Andreae and the Squaring of the Circle

NOTE: This page is under construction and will be amended during June 2005.

Plate 9 of Andreae's Collectaneorum Mathematicorum Decades XI (1614) has a geometrical construction which illustrates an instance of squaring the circle:

... which was found in the Bible, has the approval of mathematicians; and it is a square of side 75 which is equal in area to a circle whose diameter is the square root of the sum of the squares of 75, 39 and 4. (Hæc Circuli quadratura inter sancta inventa, Mathematicorum testimonium habet, estque quadratum de 75, æquale areæ circuli, cujus diameter est radix quadrati compositi ex quadratis de 75, de 39, & de 4.)

 

The source of this construction was the Templum Ezechielis which was published in 1613 by Andreae's tutor and friend, Matthias Hafenreffer. In some respects this can be seen as a Lutheran response to the Jesuit Villalpando's Ezechielis Explicatio (1596-1604). Interestingly, while Villalpando's work was supported by Philip II of Spain, who granted 3,000 scudi for engraving the prints of his reconstruction of the Temple of Ezekiel, some of the engravings for Hafenreffer's book were made by Johann Valentin Andreae while he was lodging with Hafenreffer in 1611. We can illustrate the connection between them and the circle-squaring diagram as follows

 

This is a slightly simplified version of the view of the temple described by Ezekiel (chapters 40 - 44 which was engraved for Hafenreffer by Andreae. It has stylistic similarities to the plate which Andreae subsequently engraved to illustrate his own Christianopolis.

 

This is a plan view of the temple complex above, simplified further to show no more than the walls which divide the square up, and the gateways.  The design is built up from modular units of 100 cubits square.
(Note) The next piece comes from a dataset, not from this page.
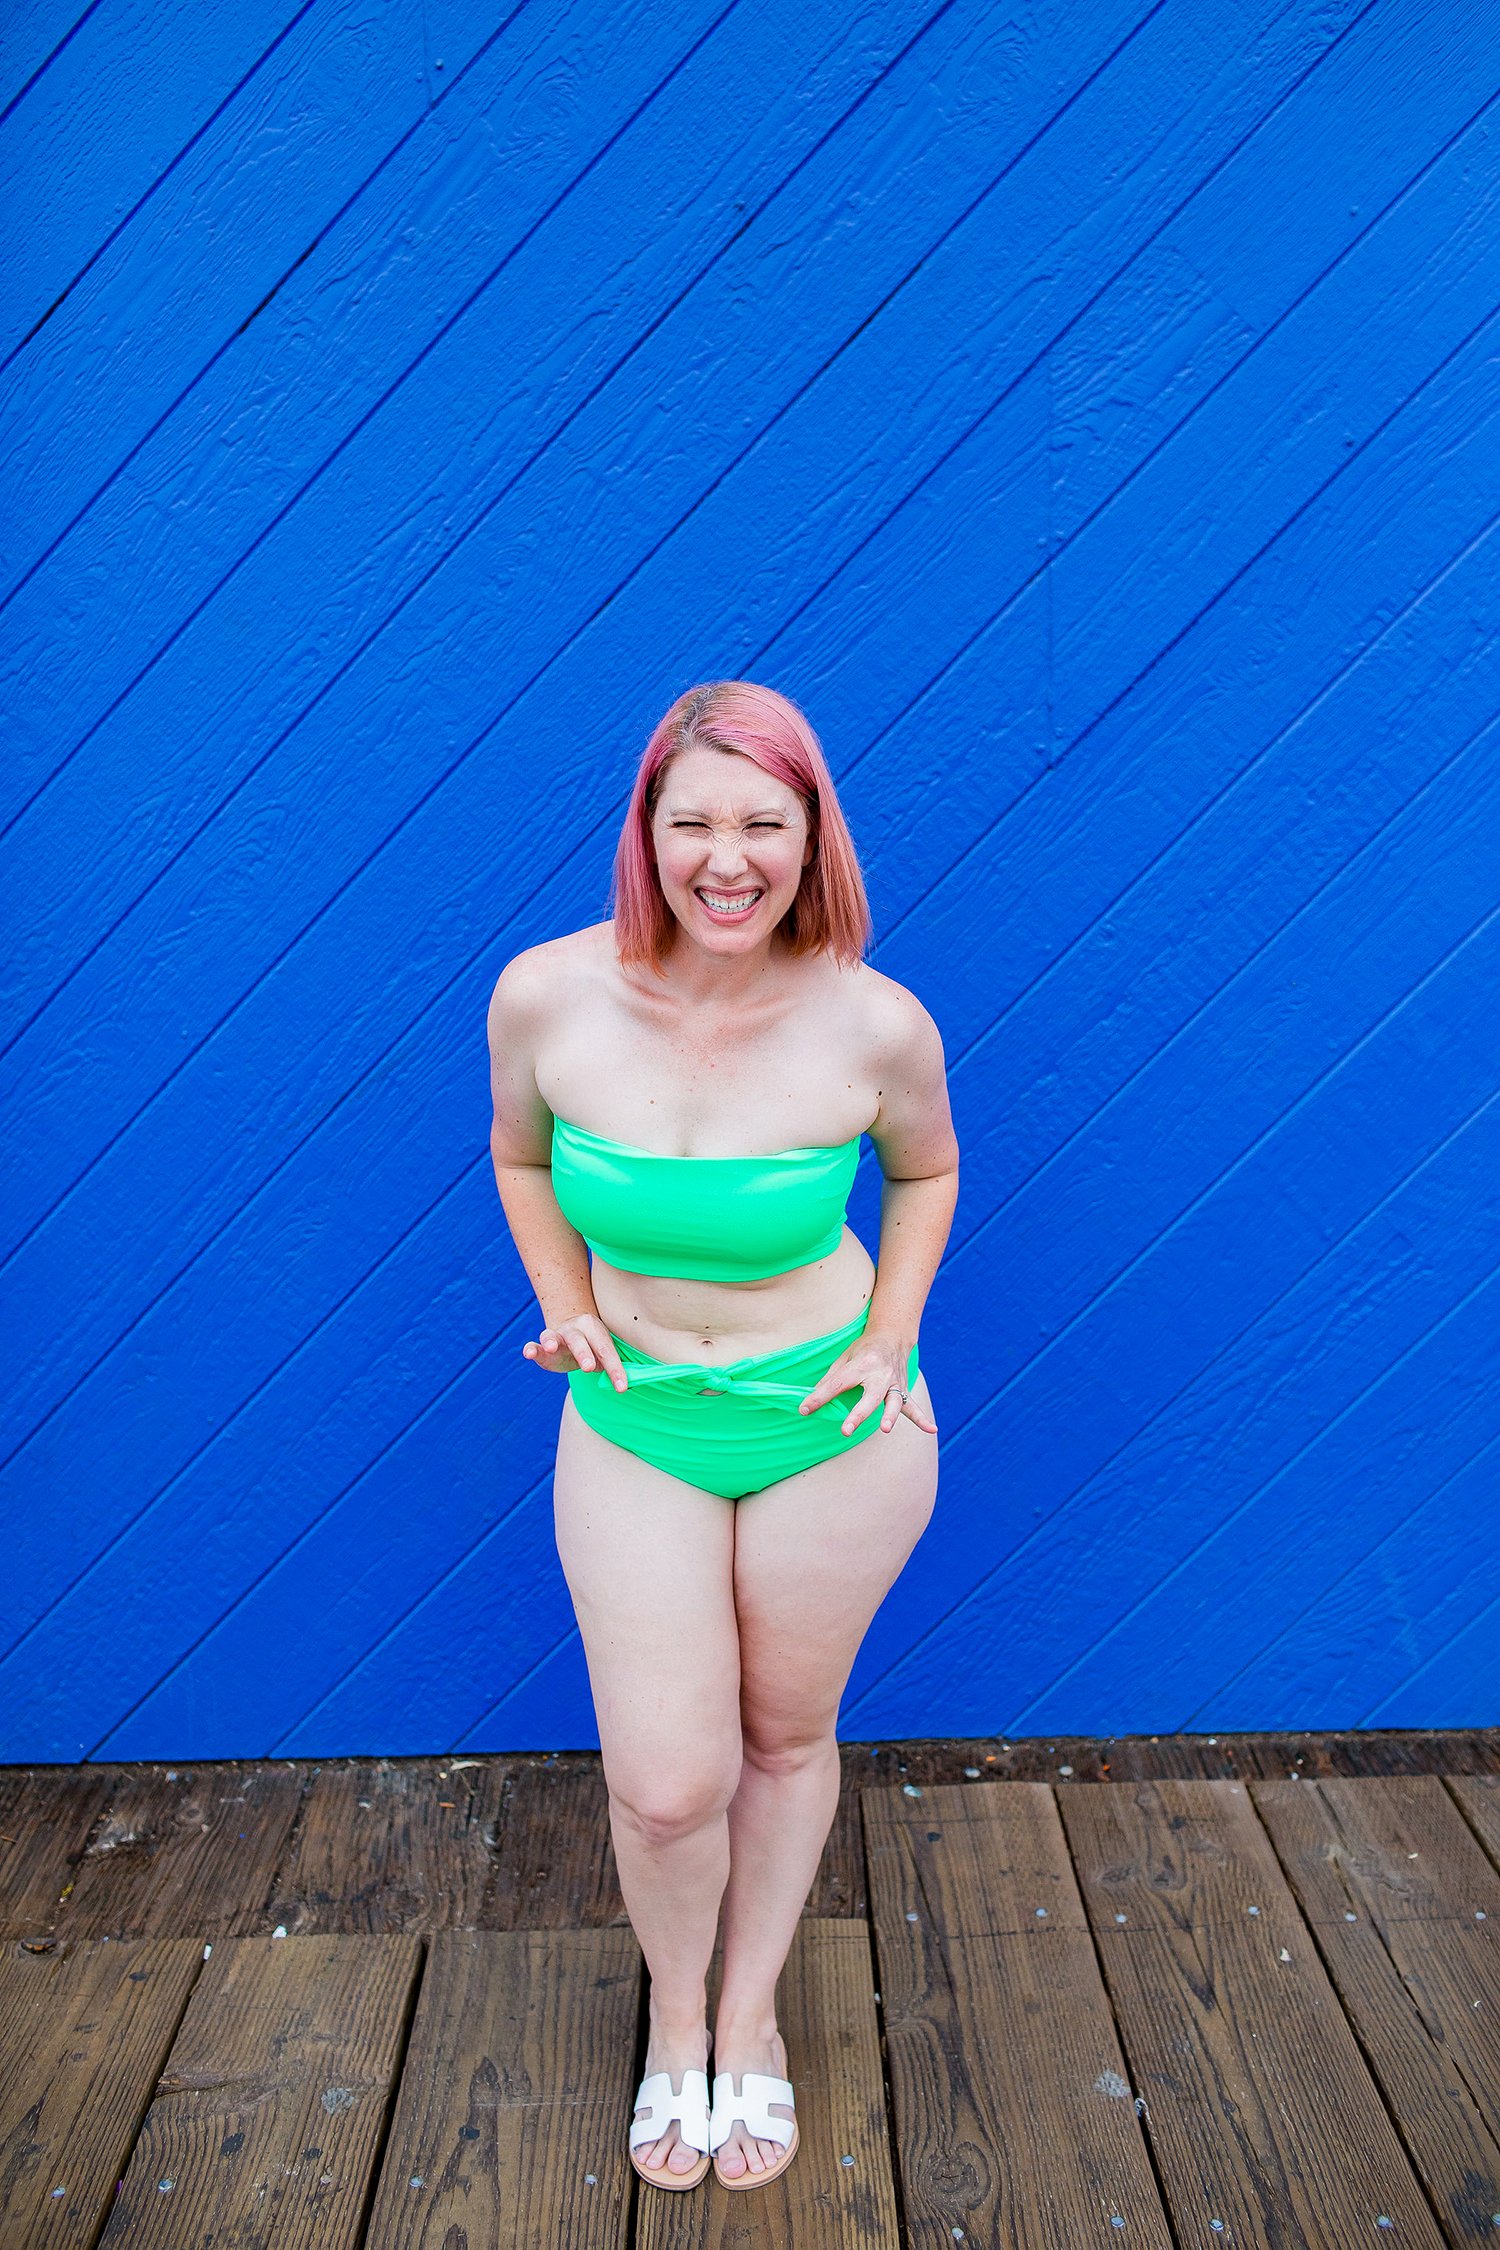 On the hunt for the best bikinis for pear shaped bodies? This green bandeau bikini is PERFECT for summer!

The plan is now further simplified into a linear geometrical construction. In the diagram at the top of the page construction lines have been added to find the centre of the square, which acts as the centre of the circle whose radius is found using the triangular construction shown above.

 

 

As to the 'squaring of the circle', it is of course impossible using this kind of plane geometry. Nonetheless the values given by Andreae are very close: a square with base 75 has an area very close to that of a circle whose diameter is √ (75² + 39² + 4²). Put another way, equating the areas of this square and circle yields a good approximation to the value of  π (= 3.14158056...), so it is not surprising if it had at least some support from mathematicians of the calibre of Kepler and Mästlin.

 

Andreae certainly came to be sceptical about attempts to square the circle. As early as Turbo (1616) he was bracketing 'squaring the circle' with 'perpetual motion',¹ and  making fun of Naometrian calculations, for which an (autobiographical?) artist is required "... to illustrate serpents, dragons ... and the fifteen different Jerusalems" and each sits "... doing calculations with little crosses, spirals, angles, suns, moons, stars, serpents, circles, flying angels, crowns, pillars, candelabra, ... (using) animal numbers, sacrificial numbers, sabbatical numbers, Jerusalem numbers and the Key of David."²  It may be noted that Ezekiel 40, with which this exercise begins, makes much of the special length of cubit used to measure the proportions of the temple.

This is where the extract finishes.